The gold-ish squares are thin steel sheets covered with Kapton tape, painstakingly filed en masse from small snippets:
Sheet Holder – filed steel pads
The first iteration used precisely laser-cut refrigerator magnet pieces, in the expectation a crappy rubber magnet would provide just enough attraction to let a neodymium magnets hold the paper flat, without risk of blood blisters between fingers and steel:
Sheet Holder – ferrite magnet pads
As expected, contact with the neo magnet completely wiped away the alternating pole magnetism in the rubber sheet, leaving a weakly attractive non-metallic surface. Alas, the rubber had too little attraction through a laminated sheet of paper, so I switched to real steel and risked the blisters.
Most of the blocks are narrow:
Sheet Holder Bracket – solid model
The four corners are wider:
Sheet Holder Bracket – wide – solid model
They’re symmetric for simplicity, with recesses for the magnets / steel sheets on the top. The through-holes have recesses for M3 SHCS holding them to T-nuts in Makerbeam rails, with a slightly overhanging alignment ledge keeping them perpendicular to the rail.

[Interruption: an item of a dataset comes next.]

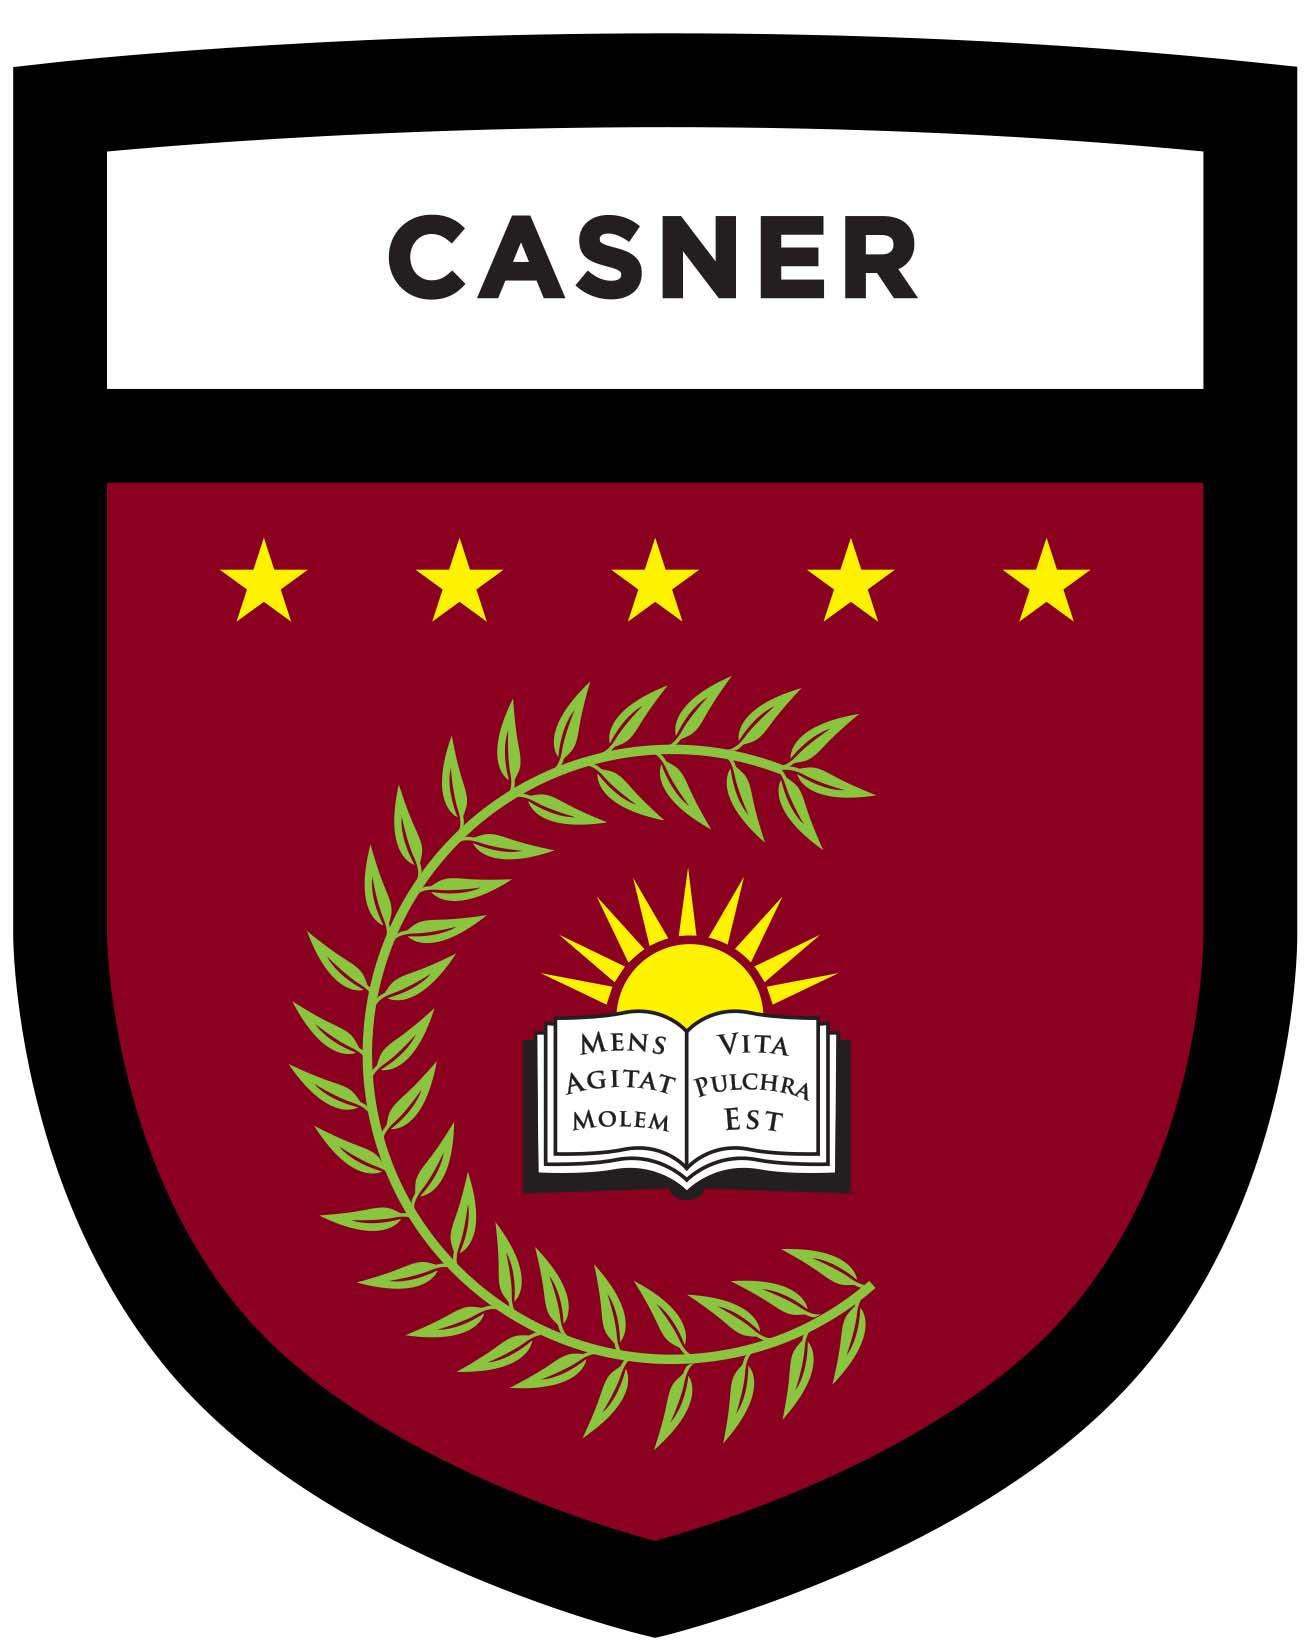 Casner Shield
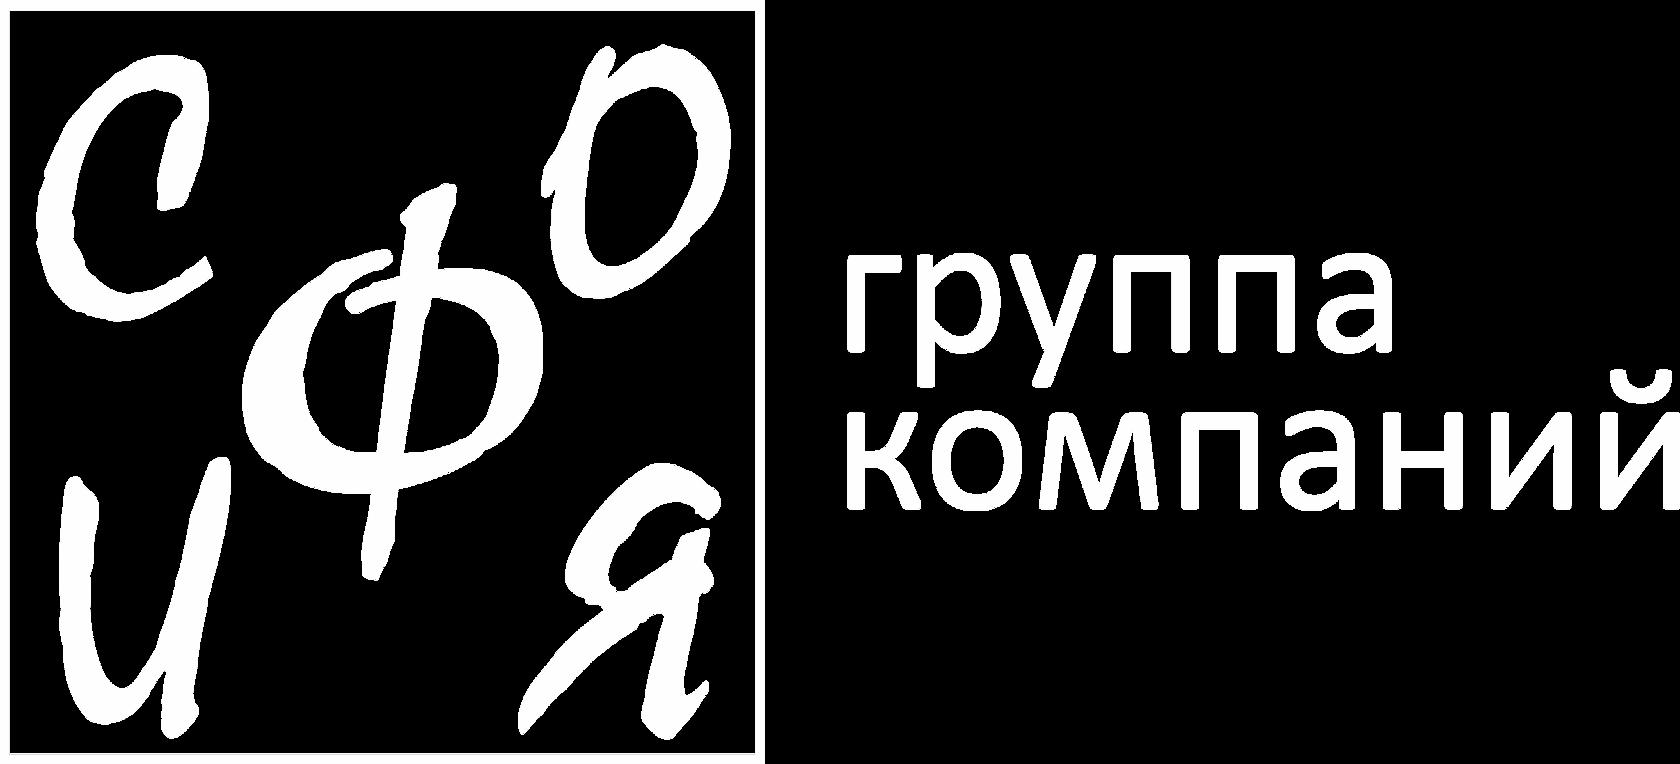 группа компаний СОФИЯ

The magnets come from an array of worn-out Philips Sonicare toothbrush heads:
Sheet Holder – magnet holders curing
They’re epoxied inside a two-piece mount, with the lower part laser-machined from 3 mm acrylic to put the two magnets in each assembly flush with the lower surface; the green area gets engraved 1 mm below the surface for the steel backing plate. The 1.5 mm upper frame fits around the plate and protrudes over the ends just enough for a fingernail grip:
Magnet Holder Cuts
The epoxy got a few drops of fuschia dye, because why not:
Sheet Holder – trimmed magnet holders
The garish trimmings came from slicing the meniscus around the lower part of the holder off while the epoxy was still flexy.
The holders must be flat for clearance under the focus pen:
Sheet Holder – focus probe clearance
Some experimentation suggests I can raise the pen by maybe 2 mm (with a corresponding increase in the Home Offset distance) , but the switch travel requires nearly all of the protruding brass-colored tip and there’s not much clearance under the nozzle at the trip point.

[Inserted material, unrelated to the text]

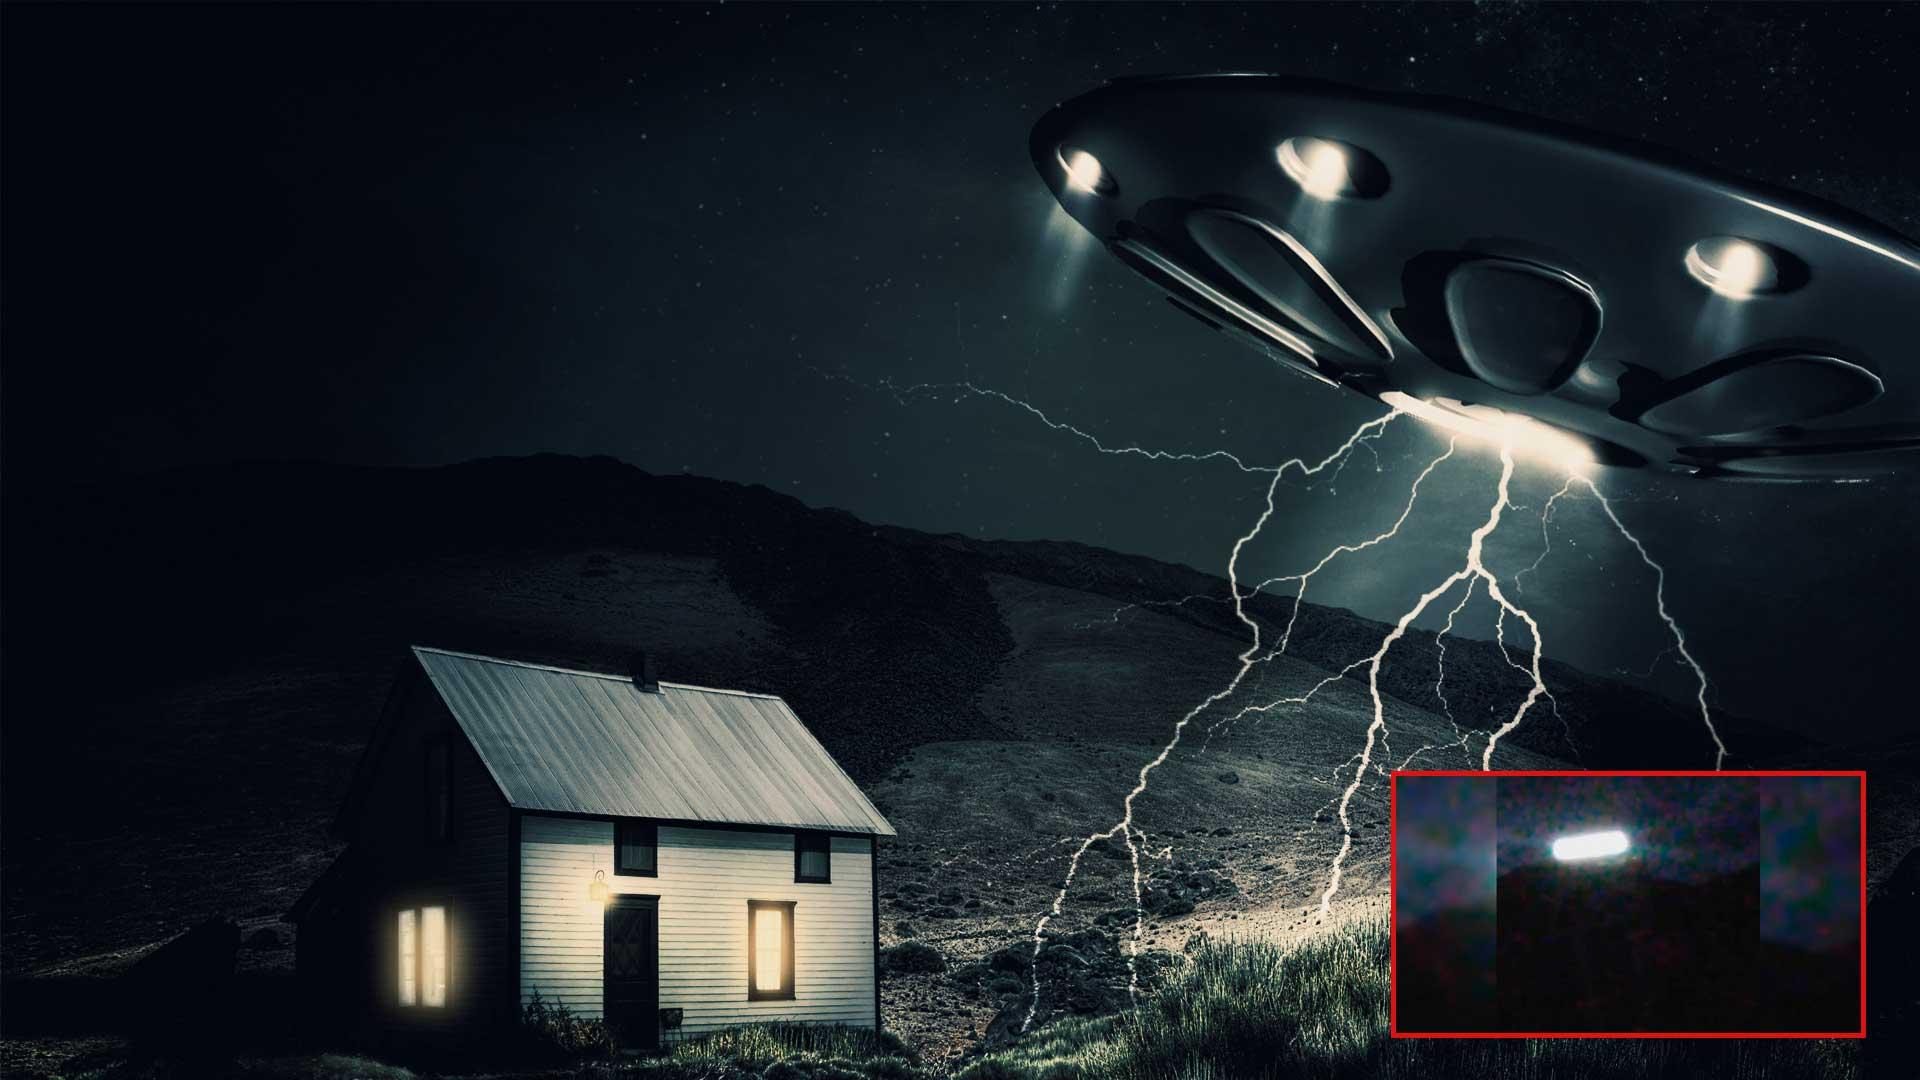 Un OVNI vuela sobre una casa de Trinidad, EEUU ante la mirada incrédula de los vecinos

With all that in hand, it works fairly well:
Sheet Holder – Tek CC cutout
The lower deck has very little margin for gripping, which is why the four corner blocks must be a bit wider than the others.
The lamInator tends to curl the sheets around their width, so most of the clamping force should be along the upper and lower edges to remove the curl at the ends. This requires turning the whole affair sideways and deploying more magnets, which is possible for the smaller middle and upper decks:
Sheet Holder – Tek CC middle deck
Protruding SHCS heads on the four corners snug up against the edge of the knife-edge bed opening for Good Enough™ angular alignment.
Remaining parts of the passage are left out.